「マルチメディア」カテゴリーアーカイブ

マルチメディア技術

情報処理技術者試験での学習内容

【応用情報・基本情報】
・コンピュータにおける文字,音声,画像などの仕組み,特徴,それらを統合して取り扱うマルチメディアの考え方,必要な資源,機能を修得し,応用する。
・情報の圧縮,伸張の目的,特徴,仕組みを修得し,応用する。
・マルチメディアシステムの特徴,マルチメディア応用の例を修得し,応用する。

【ITパスポート】
・音声や画像の符号化の種類と特徴を理解する。
・情報の圧縮と伸張の特徴を理解する。
・マルチメディア技術の応用目的や特徴を理解する。

(1)マルチメディア ITパスポート 基本情報 応用情報

情報のディジタル化,文字,音声,画像などの複数のメディアの統合,インタラクティブ性などマルチメディアの特徴を理解する。

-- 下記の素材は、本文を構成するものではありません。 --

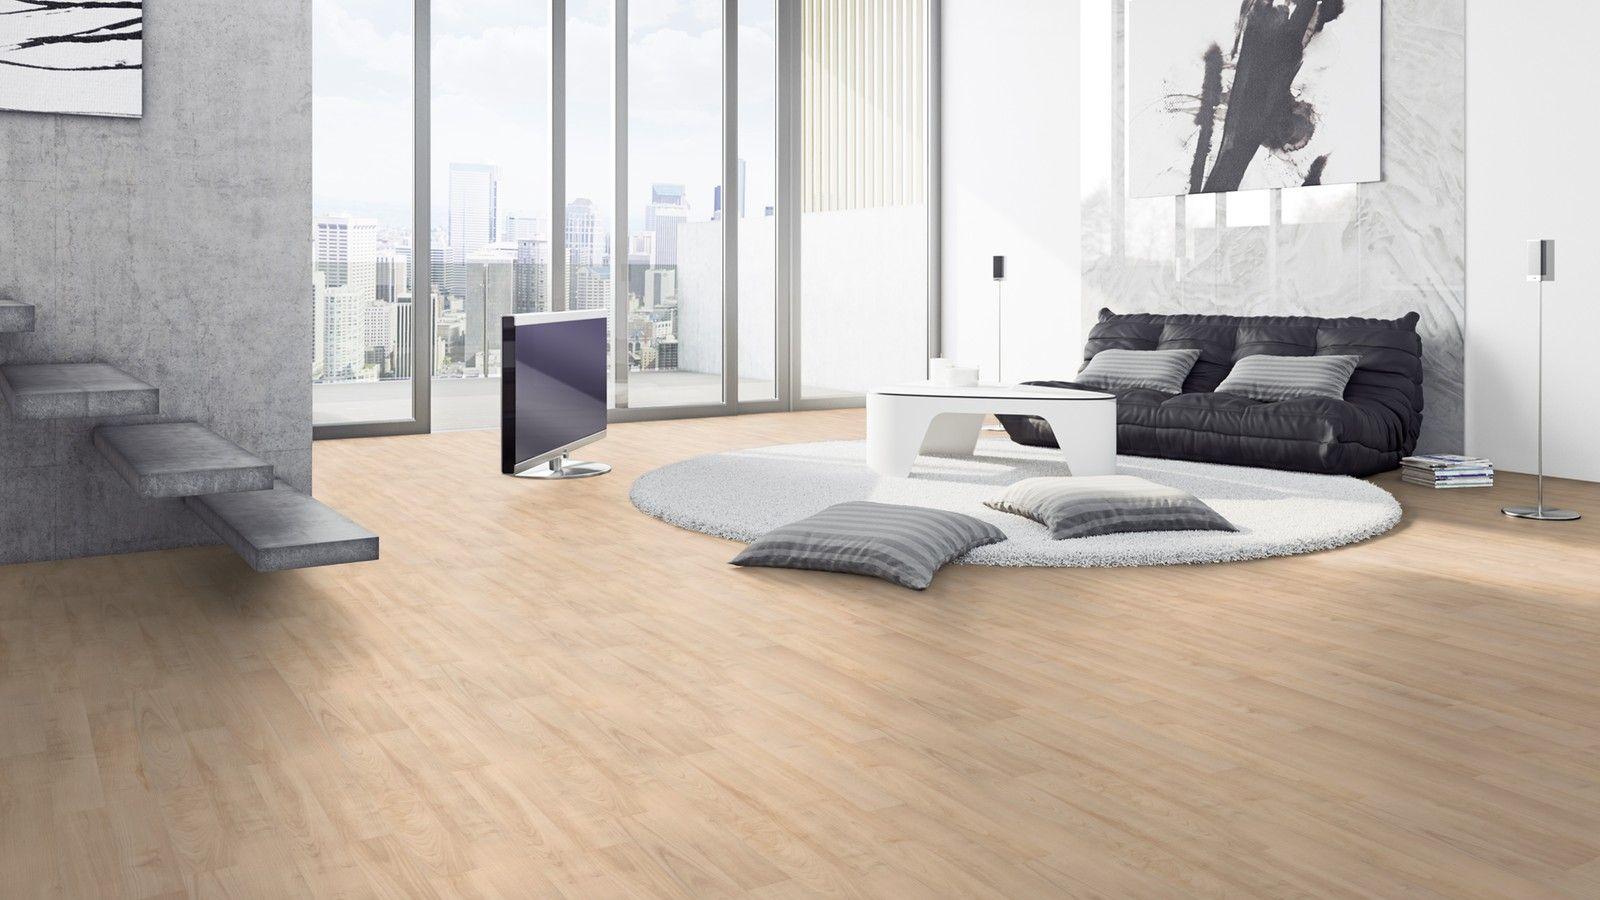 £22.50 sq m Avatara Maple Sand Beige ManMade Wood Floor

また,複数のメディアを編集,統合するオーサリングなど,マルチメディア処理の考え方,必要な資源,機能を理解する。

用語例:Web コンテンツ,ハイパメディア,ストリーミング,オーサリング環境,メディア統合,PDF,DTP

(2)音声処理 ITパスポート 基本情報 応用情報

音声データのディジタル化の原理,音声ファイルの仕組み,代表的な音声ファイル形式の特徴を理解する。

用語例:PCM(Pulse Code Modulation:パルス符号変調),MIDI,WAV(Waveform Audio Format),AU(Audio or mu-law),AIFF(Audio Interchange File Format),MP3,標本化周波数,量子化ビット数,MIDI 音源,サンプリング

(3)静止画処理 ITパスポート 基本情報 応用情報

光の3 原色(Red,Green,Blue)と色の3 原色(Cyan,Magenta,Yellow),画素(ピクセル),解像度,階調など,コンピュータにおける画像表現の仕組み,代表的な静止画ファイル形式の特徴を理解する。

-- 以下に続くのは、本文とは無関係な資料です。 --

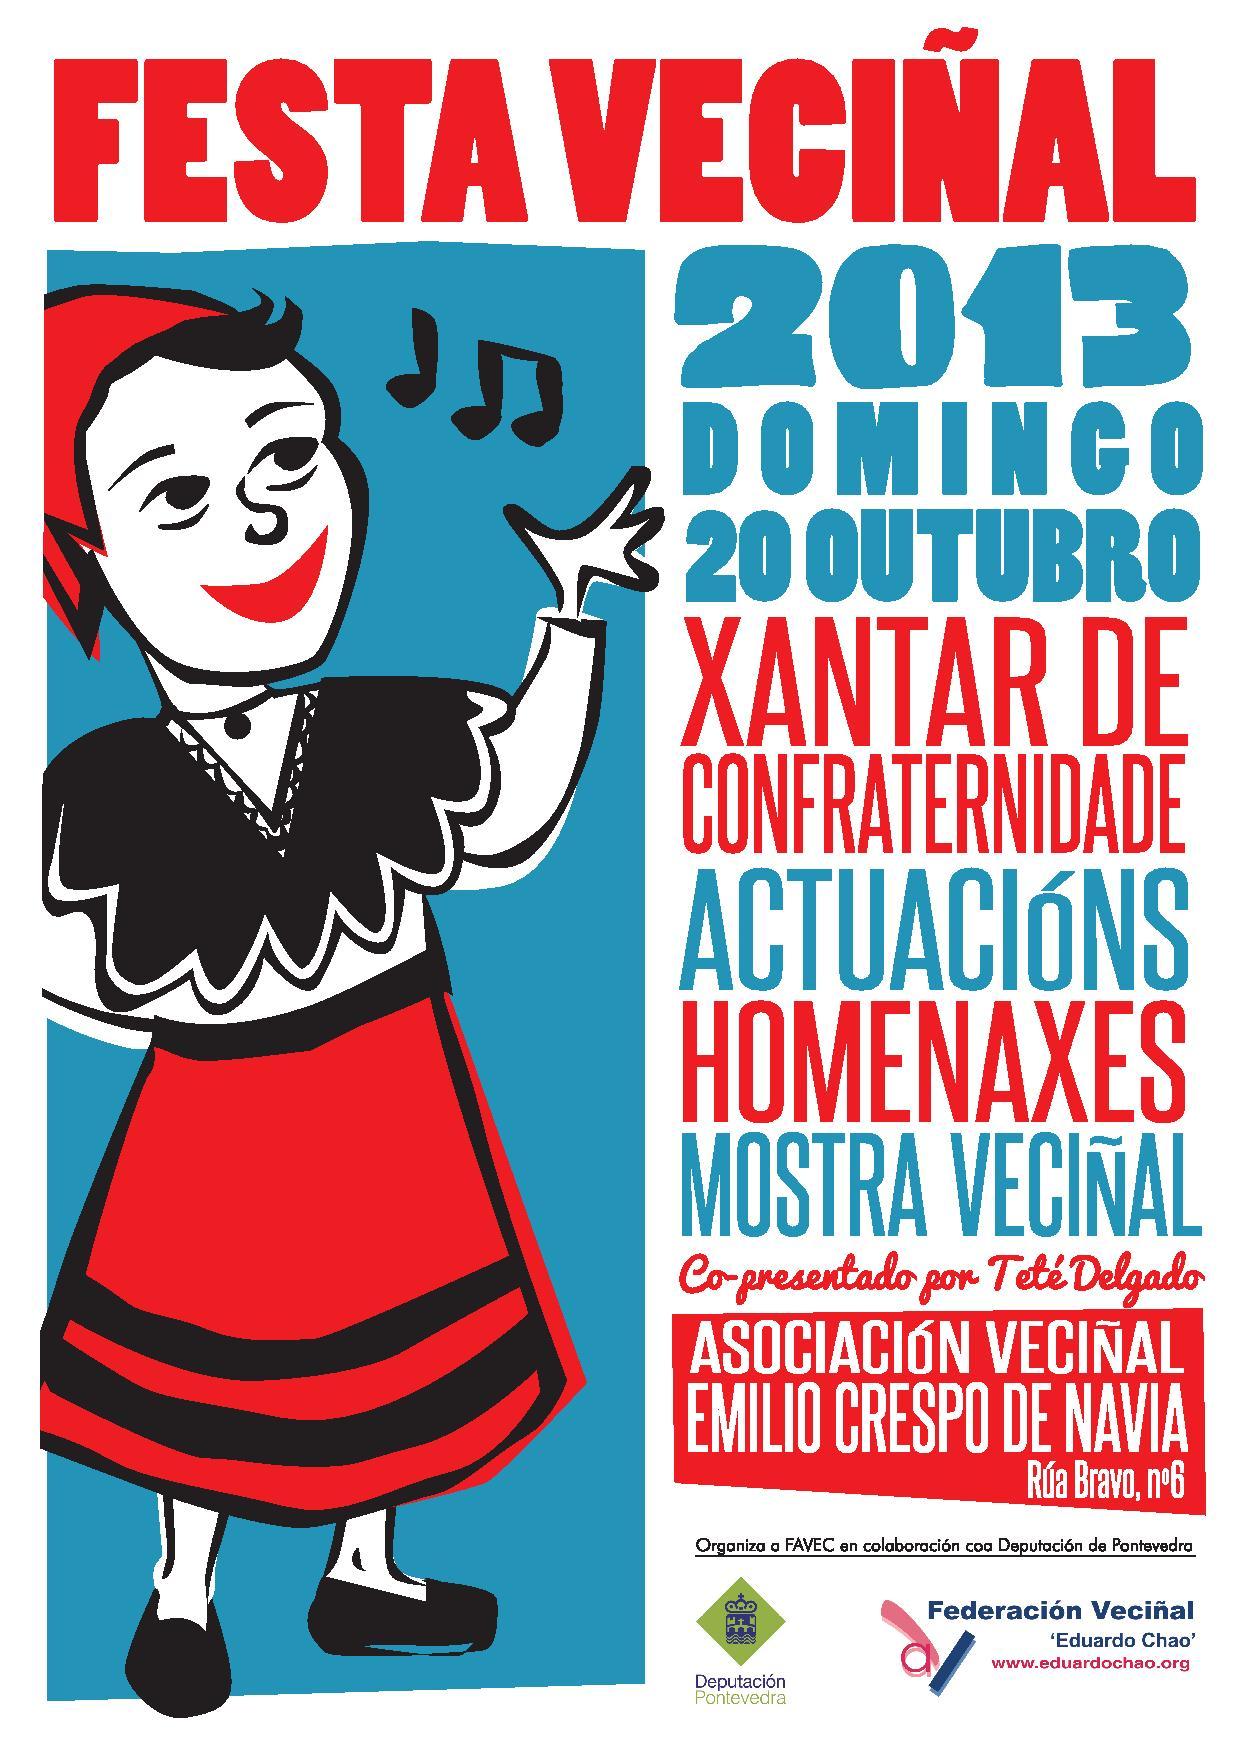 Gran Festa Veciñal 2013

用語例:JPEG,GIF,PNG,BMP,TIFF,Exif(Exchangeable Image File Format),ディザリング,ルックアップテーブル,レイヤ,トリミング

(4)動画処理 ITパスポート 基本情報 応用情報

フレーム,フレームレートなど,コンピュータにおける動画表現の仕組み,代表的な動画ファイル形式の特徴,動画編集の基本的な手法を理解する。

MPEG,QuickTime,AVI,Motion JPEG,インタレース方式,プログレッシブ方式,リニア編集,ノンリニア編集

(5)情報の圧縮・伸張 ITパスポート 基本情報 応用情報

メディアの種類に応じた圧縮・伸張方法が利用されること,圧縮・伸張の目的,代表的な方式の特徴,仕組み,用途に応じて適切な圧縮方式を選択し,活用することを理解する。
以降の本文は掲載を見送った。